Позади усадьбы располагался небольшой садик с беседкой и высохшим прудиком. Прошли туда, расположились в тени яблонь, и брат озвучил цель приезда. А хотел он поменять своих семерых музыкантов на моих двух.
— Тебя батя ко мне послал с этой миссией? — захотелось сразу прояснить моменты.
Пробурчал что-то неопределённое и продолжил упрашивать. Мои враз побледневшие витязи напряжённо следили за нашими переговорами. Успели что ли забыть, что получили уже свободу? Перед беседкой появились музыканты брата и принялись наигрывать что-то довольно сносное.
— А не будет жалко с такими умельцами расставаться? — прозондировал их близость.
— Пошто сожалети о людях работны, — удивился старшой, — Овы явнут.
Меня очень заинтересовал необычный инструмент с мехами и деревянными трубками, звучащий как орган. Собственно, это и был орган, только ручной, прообраз шарманки. Одной рукой музыкант нагнетал воздух, другой нажимал на клавиши, извлекая звуки. Чего-то меня заставило обратить на этот инструмент своё внимание? Какая-то искра мысли озарила мою черепную коробку и затерялась где-то между извилин. Попросил брата показать вещицу поближе. По приказу своего повелителя ко мне с поклоном приблизился изящный паренёк и вежливо подал инструмент. Показал его действие и встал неподалёку, ревниво следя глазами за моими манипуляциями.
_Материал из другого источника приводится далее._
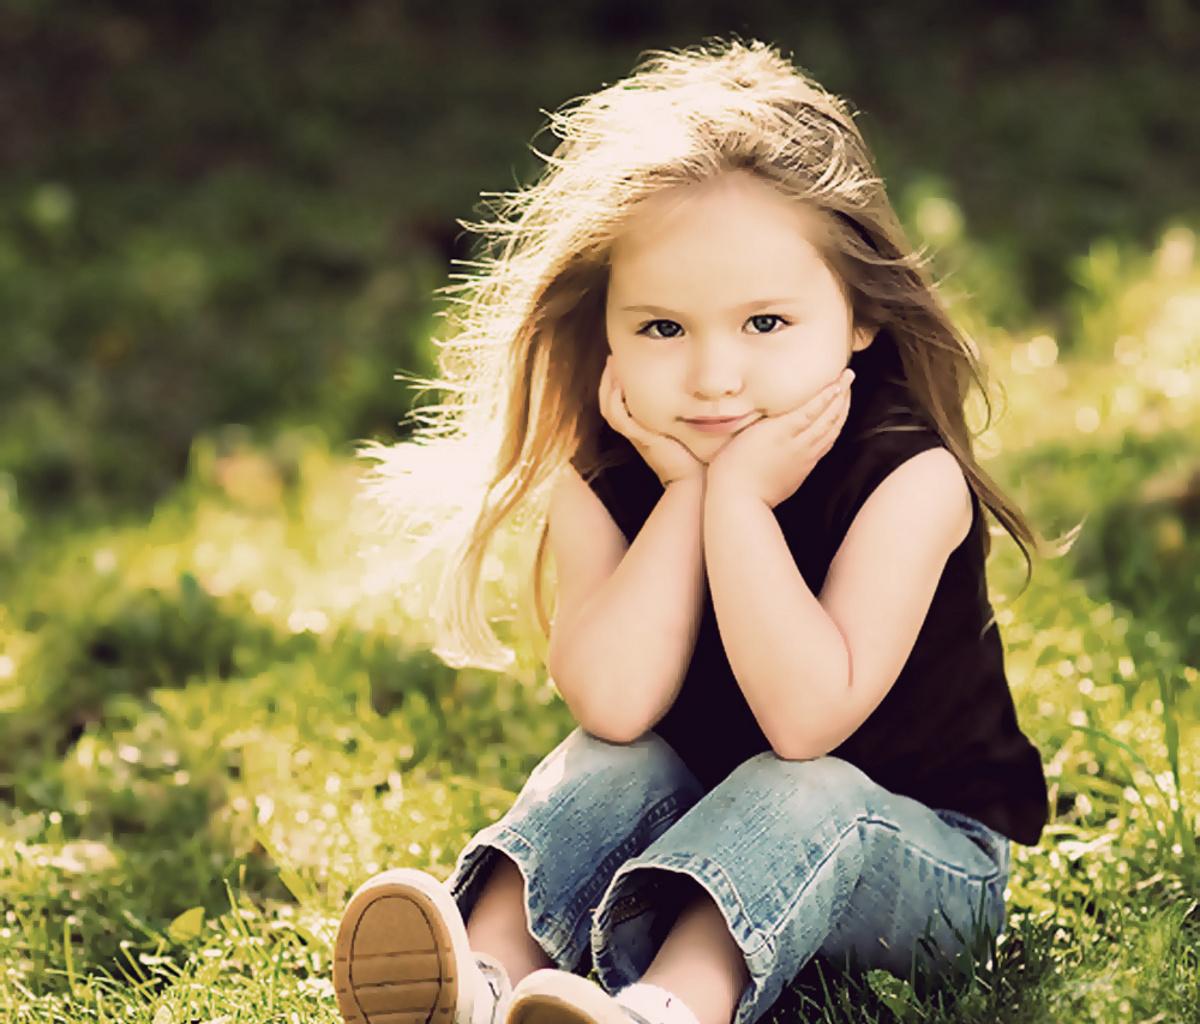 Baby Boy Hd Wallpapers: صور اطفال حلوة جميلة خلفيات و رمزيات اطفال HD

Его товарищи продолжали увеселять пирующих, пока я мучил клавиатуру, подбирая известные мне композиции. Простые звуки действительно напоминали шарманку и были гораздо сочней и глубже, чем у остальных инструментов. Никак не получалось изобразить что-то величественное, похожее на композиции Энигмы и Эры. Психанул и проиграл мелодию Интернационала. Ну, там где "Вставай, проклятьем заклеймённый…". Вот эта вещь почти с первого раза получилась. Увлёкшись новой игрушкой, не заметил, что приезжие гудцы прекратили выступление. Все теперь слушали только мою музыку. Витязи притиснулись ко мне ближе и внимали звукам, затаив дыхание.
— Яко мнишь, Митко, сменишь сеих гудков на моих? — снова начал зудеть брат, разрушив очарование момента.
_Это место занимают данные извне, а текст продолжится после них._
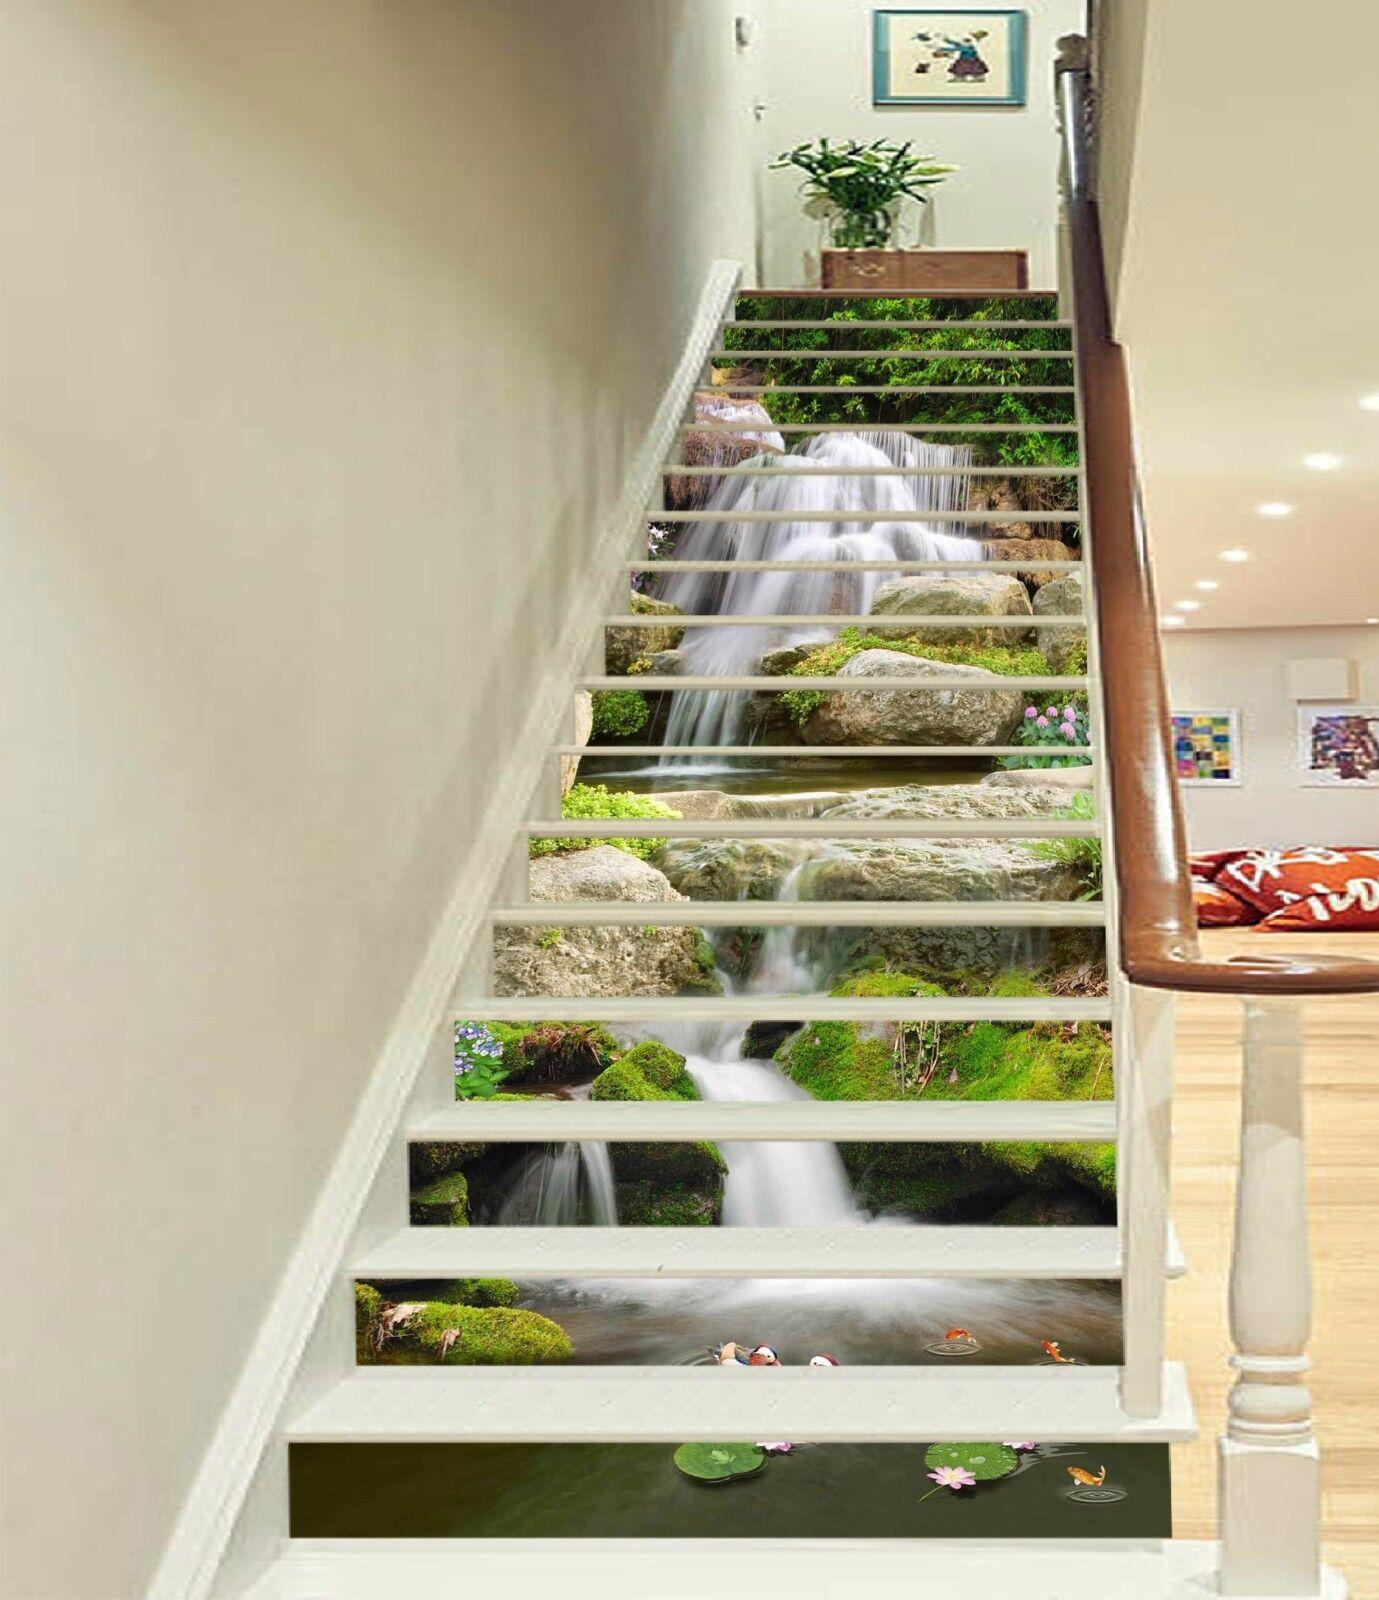 3D Stony Creek 026 Stair Risers Decoration Photo Mural Vinyl Decal Wallpaper AU

Меня потихоньку начала доставать назойливость этой тёмно-рыжей гибсоновской репродукции. Высказался резко в том ключе, что гудцы мои уже нисколько не холопы. Им выдана вольная грамота.
— А из писцовы библы вычерк содеян бысть? — вкрадчиво поинтересовался Дмитрий старший, — Поелику пошлина за них в казну отичеву не плачена, остаются оне холопы и очепья им на вые лещити требно, иначе течны суть.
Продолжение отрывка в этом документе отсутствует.